In vitro wheat flour and gluten digestion and R5 Competitive ELISA immunoassay
For quantification of celiac patients’ toxic epitopes present in wheat flour and gluten, original and derivatised with L-lysine ethyl ester or n-butylamine, the commercial product RIDASCREEN® Gliadin competitive (R-Biopharm AG, Darmstadt, Germany) was used. This product is based on an enzyme-linked immunosorbent assay (ELISA) with competitive format and the R5 monoclonal antibody, recognizing as core sequences the toxic QQPFP, QQQFP, LQPFP, QLPFP, QLPYP, among others that occur repeatedly in the proteins of gluten. The official standard method for gluten determination according to the Codex Alimentarius is an ELISA which uses the R5 antibody; this requirement is fulfilled by the RIDASCREEN® Gliadin competitive. The format of this competitive assay has the advantage of detecting individual peptide fragments compared to the sandwich ELISA format. The detection limit is 1.36 ppm of gliadin and the quantification limit is 5 ppm of gliadin. In order to avoid potential artefacts due to the possibility of changing the solubility properties of the gliadins and glutenins, either due to the structural changes imposed when modified with the amine- nucleophile or due to cross-linking, the flours and glutens were submitted to a peptic-tryptic digestion process in order to release small peptides soluble in 60% (v/v) ethanol, the extraction solvent used in the R5 kit.

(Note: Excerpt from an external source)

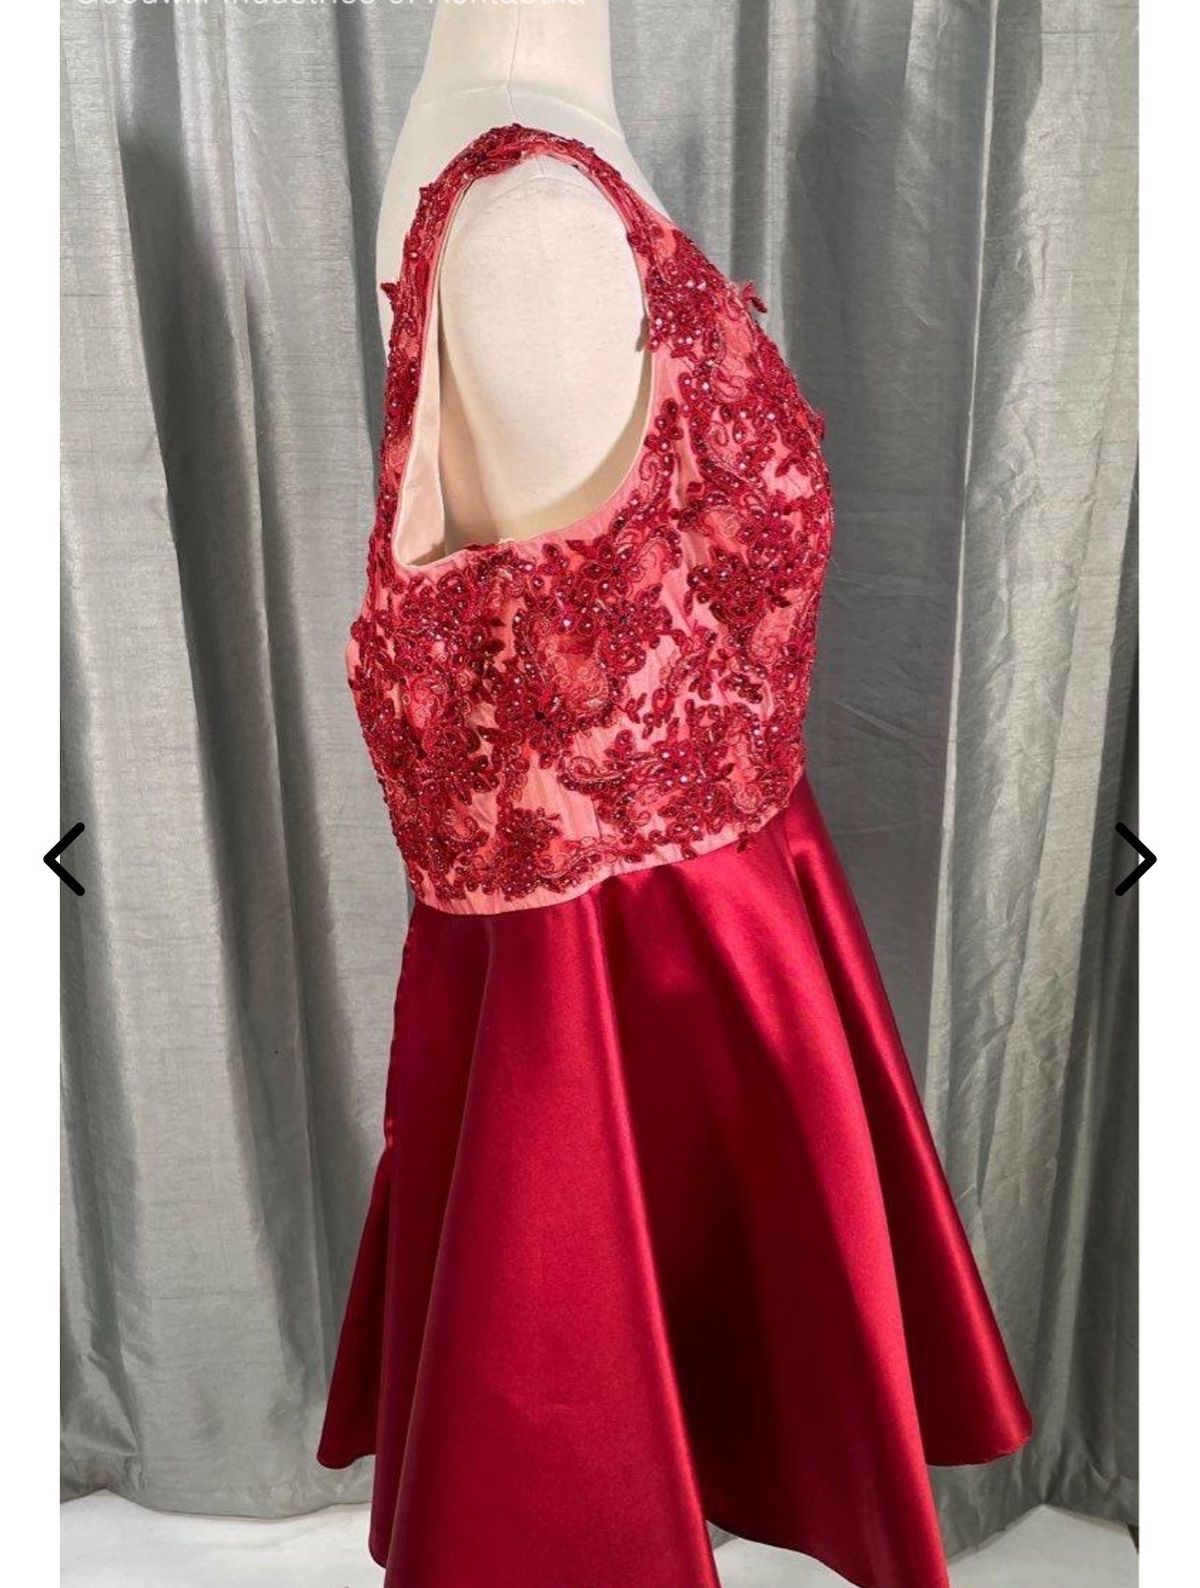 Plus Size 24 Homecoming Plunge Lace Burgundy Red Cocktail Dress on Queenly

All instructions of RIDASCREEN® Gliadin competitive product were strictly followed and the preparation of the material was done as described by Gessendorfer et al.56. Briefly, wheat flour and gluten, original and derivatised, were dispersed in distilled water at a ratio of 5% (w/v) and the pH was adjusted to 1.8 using a solution of 1 mol/L HCl. Thereafter, 2.5 mg of pepsin (Sigma-Aldrich, Steinheim, Germany) was added to react for four hours under stirring at 37 °C. Subsequently the pH was adjusted to 7.8 with NaOH 1 mol/L and 2.5 mg of trypsin (Sigma-Aldrich, Steinheim, Germany) was added to the mixture to react for other four hours under stirring at 37 °C. Finally, the pH was adjusted to 4.5 with a solution of 1 mol/L HCl and peptic-tryptic digests were centrifuged at 4000 xg for twenty minutes at room temperature. The supernatant was decanted and freeze dried. The dry residue obtained, i.e., peptic-tryptic digests (PT) were solubilized in 60% (v/v) aqueous ethanol as described in the protocol RIDASCREEN® Gliadin competitive for subsequent analysis. Several dilutions changing the standard curve were performed for better quantification of the different samples. n = 2 different experiments (each with four replicates).
Micro-extension tests
In order to study the effect of the chemical modification of wheat flour with mTG alone and in the presence of amine nucleophiles, the rheological properties of the corresponding dough were studied. Gluten and dough are unique from the point of material science due to their complex behaviours. Small and large deformation tests have been used for measuring dough rheological properties, but large deformation tests are more suitable for evaluating their application as food as the measures can be related with its eating quality57. A commonly used large deformation test of dough is extension. It has been shown that resistance to extension of dough is related with its protein quality, along with the presence of specific HMW-GS and high proportions of unextractable protein57, and extension allows a reliable prediction of loaf volume58. Micro-extension tests on dough were performed as previously described58. Briefly, after a resting time of 20 min at 30 °C under a water saturated atmosphere, dough [(flour to water ratio of approximately 1.8 (w/v)] was brushed with paraffin oil, to avoid sample adhesion, and pressed into a Teflon mould pre-warmed to 30 °C, allowed to stand for a further 40 min at 30 °C under a water saturated atmosphere, and then were measured. The Teflon mould and the measuring instrument for dough were the SMS/Kieffer Dough and Gluten Extensibility Rig with the Texture Analyser TA-XT2 (Stable Micro Systems). F+mTG designates the dough prepared using control flour and mTG added (10 U/g of protein) during kneading. Analysis was performed on duplicate.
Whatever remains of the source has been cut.